Rolf Magnusson awakens to a strange new world and a woman who bears a striking resemblance to the one who betrayed him into exile and death. Scientists long to cut into his flesh to see how he survived, and treasure hunters seek his legendary plunder. Who among them can he trust?
This ebook is licensed for your personal enjoyment only. This ebook may not be re-sold or given away to other people. If you would like to share this book with another person, please purchase an additional copy for each recipient. If you're reading this book and did not purchase it, or it was not purchased for your use only, then please return to your ebook retailer and purchase your own copy. Thank you for respecting the hard work of this author.
Contents
Prologue
Chapter 1
Chapter 2
Chapter 3
Chapter 4
Chapter 5
Chapter 6
Chapter 7
Chapter 8
Chapter 9
Chapter 10
Chapter 11
Chapter 12
Chapter 13
Chapter 14
Chapter 15
Chapter 16
Chapter 17
To Maria Greene, who helped Rolf think like a true Norseman,
and to Anita Gordon, who helped him speak like one.
And to Gayle Callen and Angela Bartelotte,
who helped him hoist the sails for his ultimate voyage.
Prologue
The sting of icy spray seemed determined to peel the skin from his face, despite the heavy beard he'd grown to protect it. The long, sleek drakkar pitched and rolled helplessly, a toy held in the unpredictable hands of an angry sea. Frigid waves reached even to the prow, battering the fierce-looking dragon's head carved there. Men struggled to capture the tattered square sail they'd attempted to furl, but the wind proved too powerful even for their muscled arms. With one vicious gust the mass of green-and-white-striped fabric was carried away and dumped into the raging waters. A sharp crack, a slow groan and the mast came down like felled timber. Rolf lurched forward, abandoning the rudder to the fury of the sea. His arms outstretched, he launched himself from the deck toward the three men. He caught one, sending him backward to land with a jarring thud. The other man had instinctively ducked his leader's attack. Rolf had lost sight of the third.
Rolf struggled to his feet against the frantic rocking of the ship. Shielding his eyes from the slashing, sleet-filled wind he saw Svein, the man who'd avoided his running leap, lying facedown with the heavy mast across his back. He ran forward, shouting uselessly into the roaring wind for assistance. He bent to the mast and bared his teeth with the effort to raise it. But the wood was smooth and wet. Less effort to cling to a slippery eel. He chanced one downward glimpse as he steeled himself for a second assault on the burden, and saw that his efforts were all for naught. Svein's agonies had already ceased.
Rolf tilted his head back and roared his anger, his fury, his frustration.
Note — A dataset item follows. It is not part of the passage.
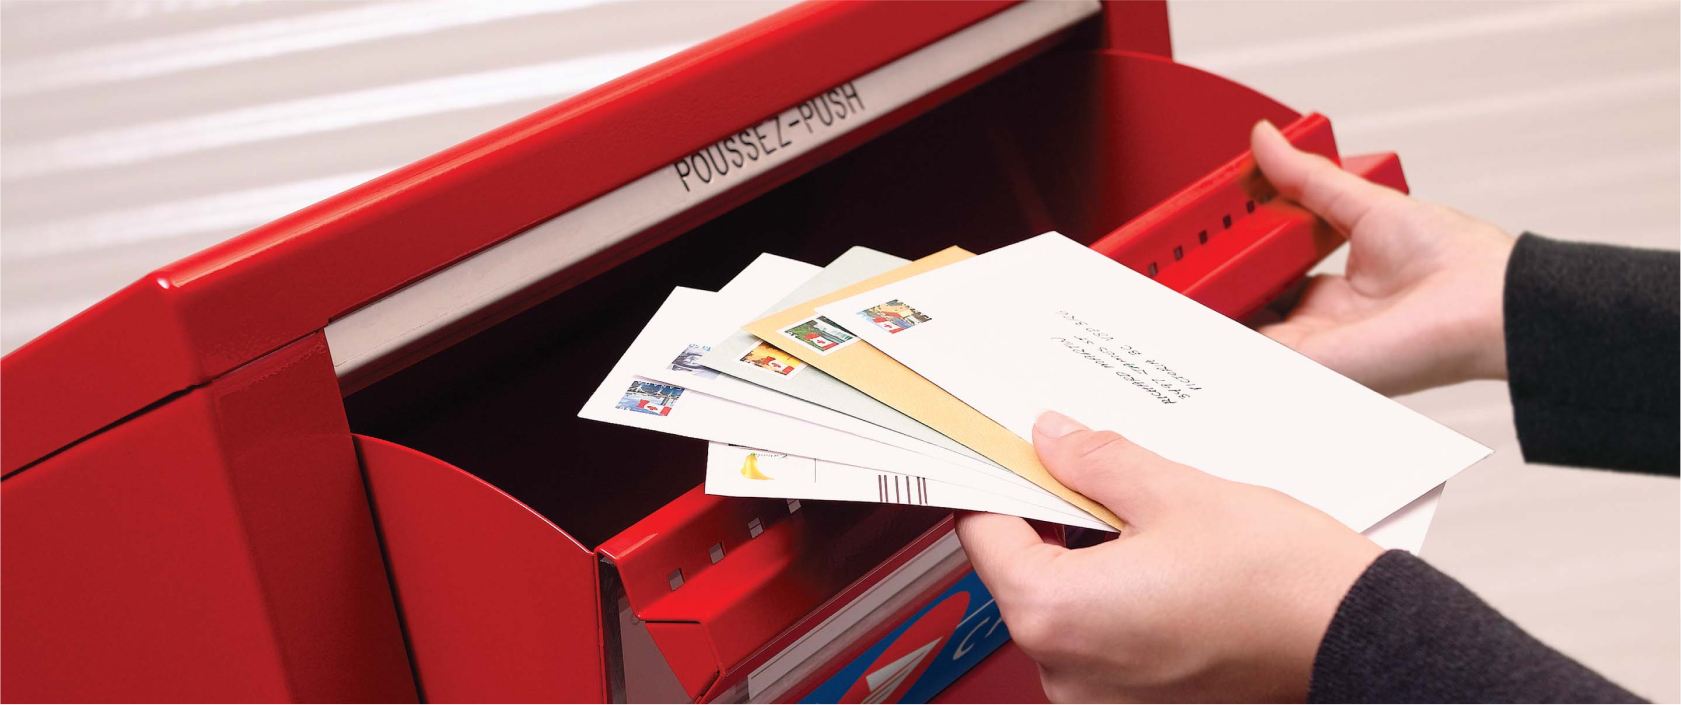 Une pile d’enveloppes prêtes pour l’expédition est placée dans une boîte aux lettres publique de Postes Canada

All this carnage! All due to the faithless heart of one king and the treachery of another. A curse on Knut's soul, wherever it might now reside! And a curse upon Magnus, as well! Ah, but how well he knew that the true credit for this mayhem rested in one devious woman.
Rolf lurched sideways as the ship was tossed again, and he struggled to his feet, leaning into the wind to make his way back to the rudder. When the wind threatened to down him, when the bite of the ice on his face almost forced him to turn back, he needed only think of her to regain his strength, his determination. He would not surrender easily.
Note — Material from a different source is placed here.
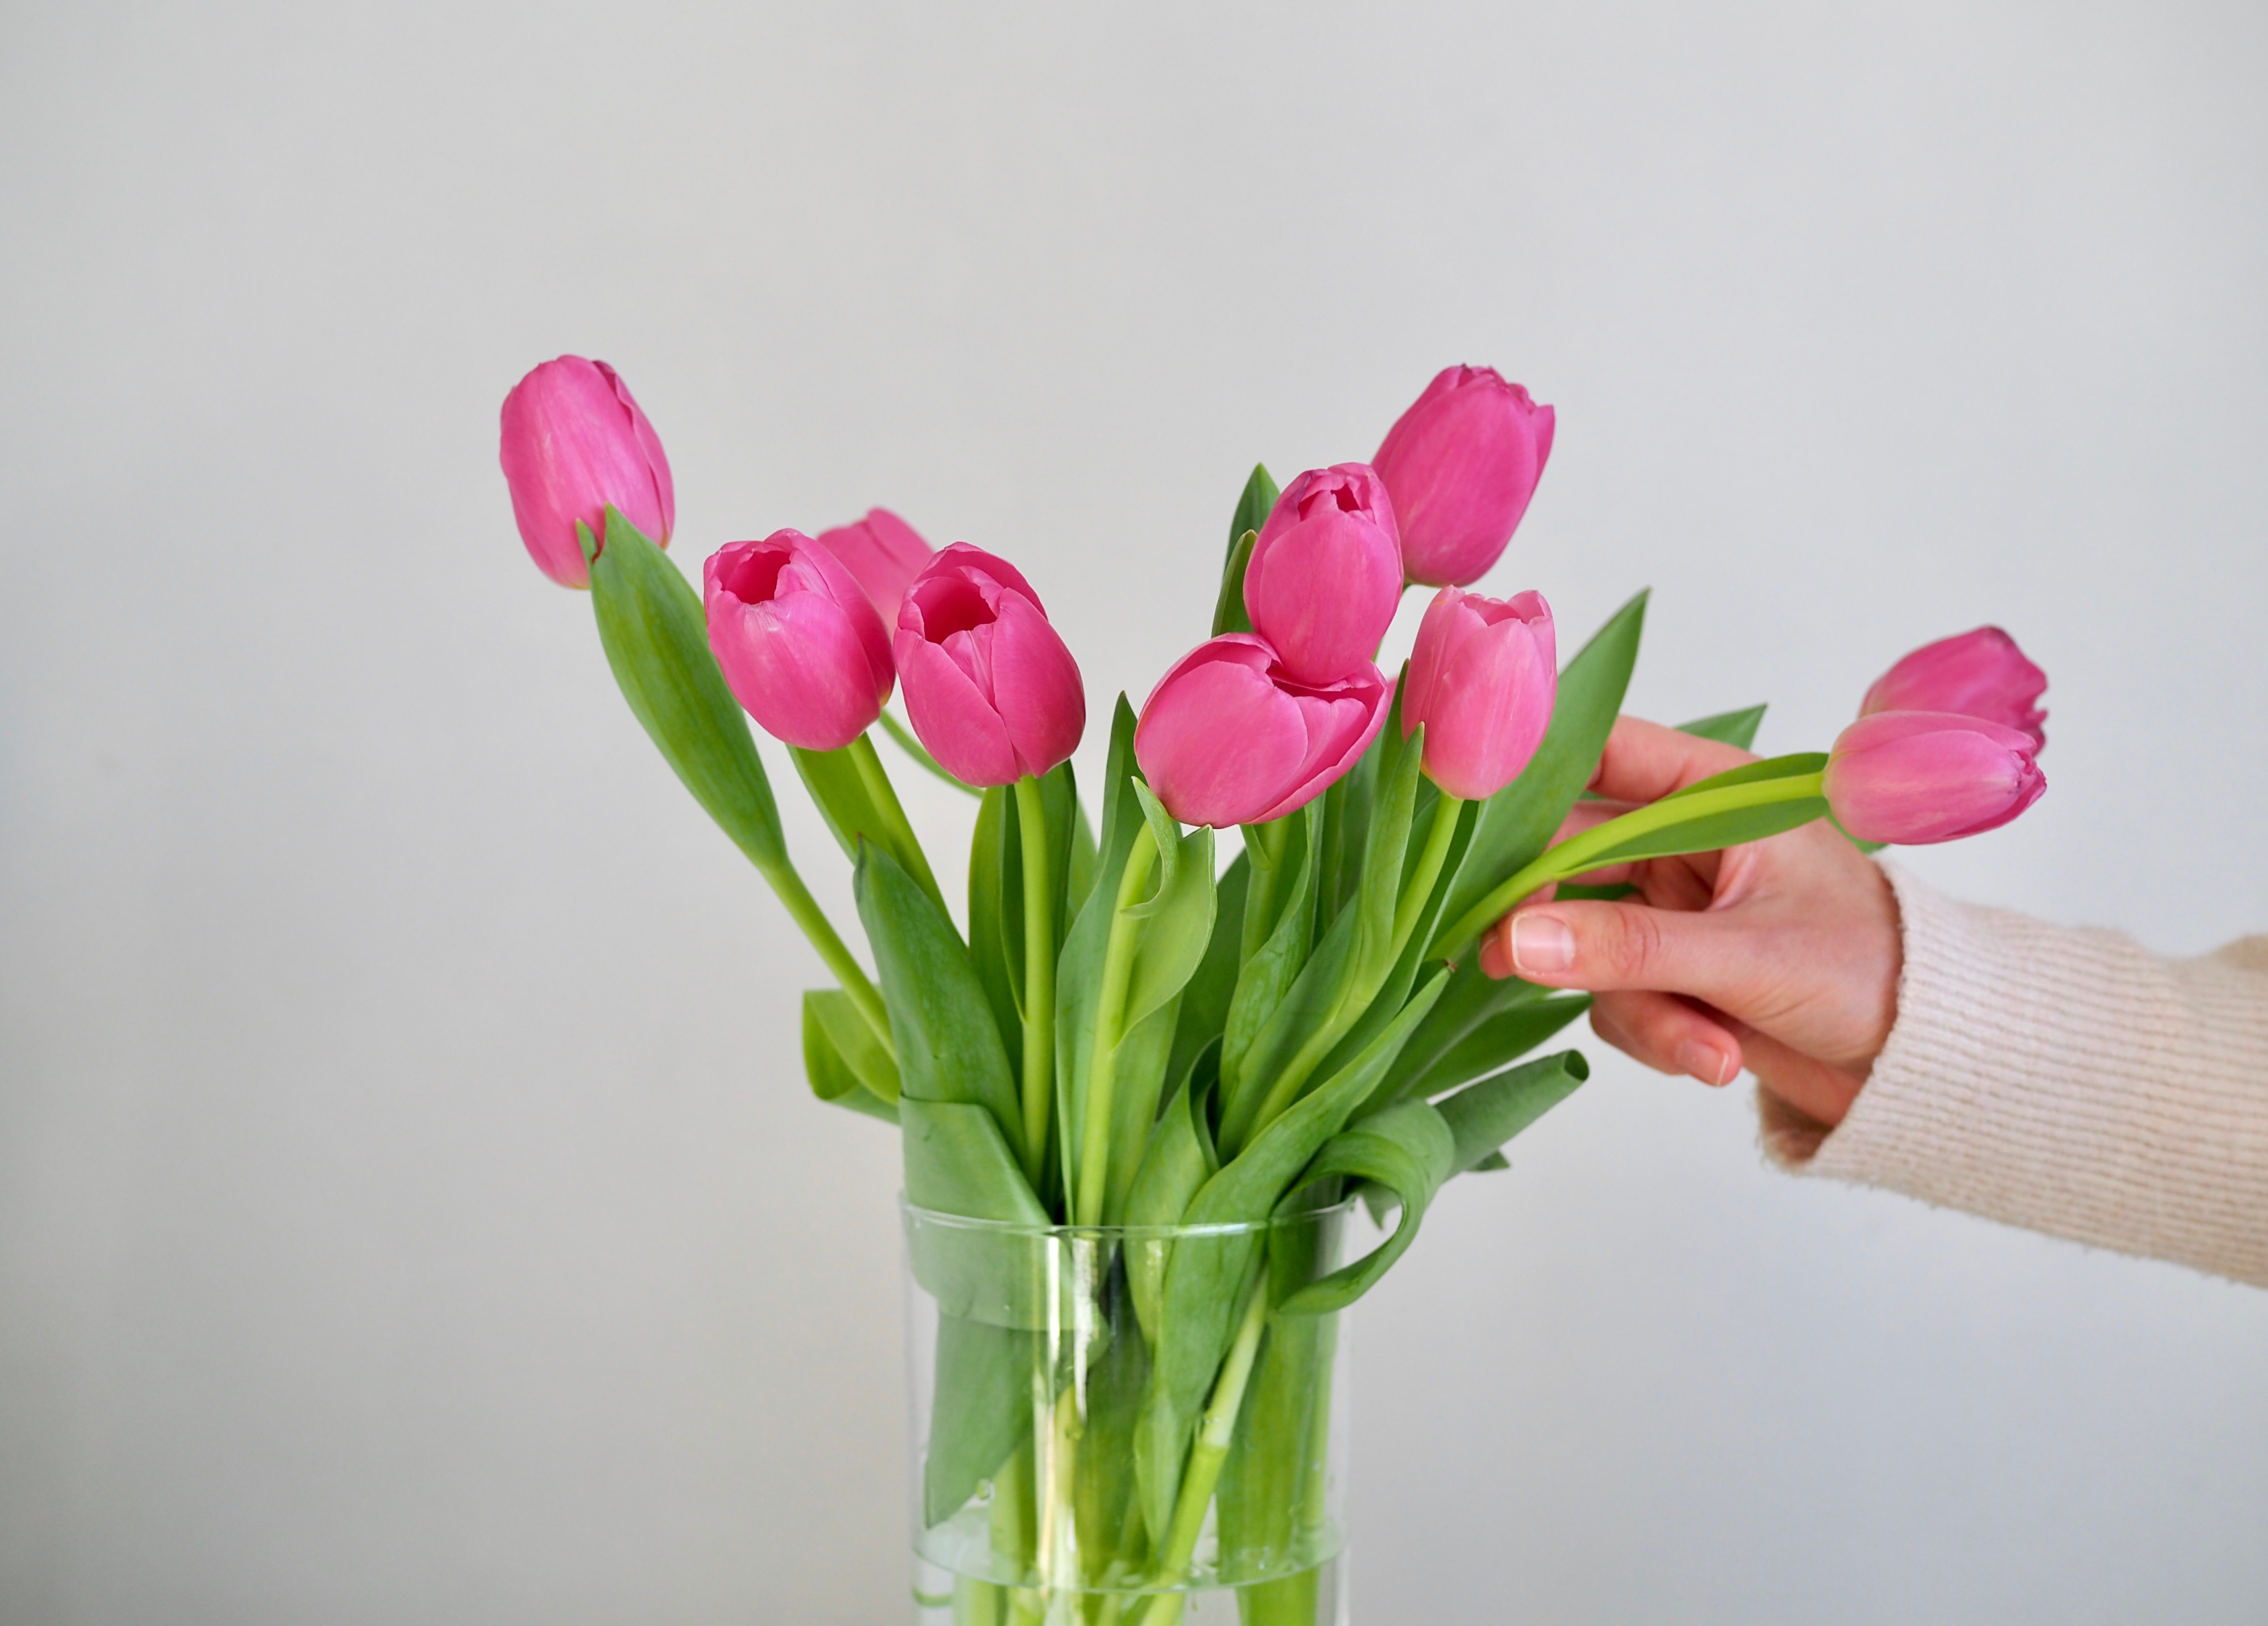 Néhány apró trükk, hogy a tulipán szép maradjon - Blikk

Adrianna. How he'd adored her. How he'd longed to have her. Fool! He'd only been following the lustful path of every red-blooded Norseman ever to lay eyes upon her stunning beauty. How gullible he'd been not to see that her beauty was but an illusion. Her flame-colored hair and wide-set, deep gray eyes were but gifts of heredity, or fate. Her slender frame and endlessly long limbs convinced a man of her fragile nature. Her graceful and rare height only added to her allure. Truly, though, her heart was as ugly as death itself.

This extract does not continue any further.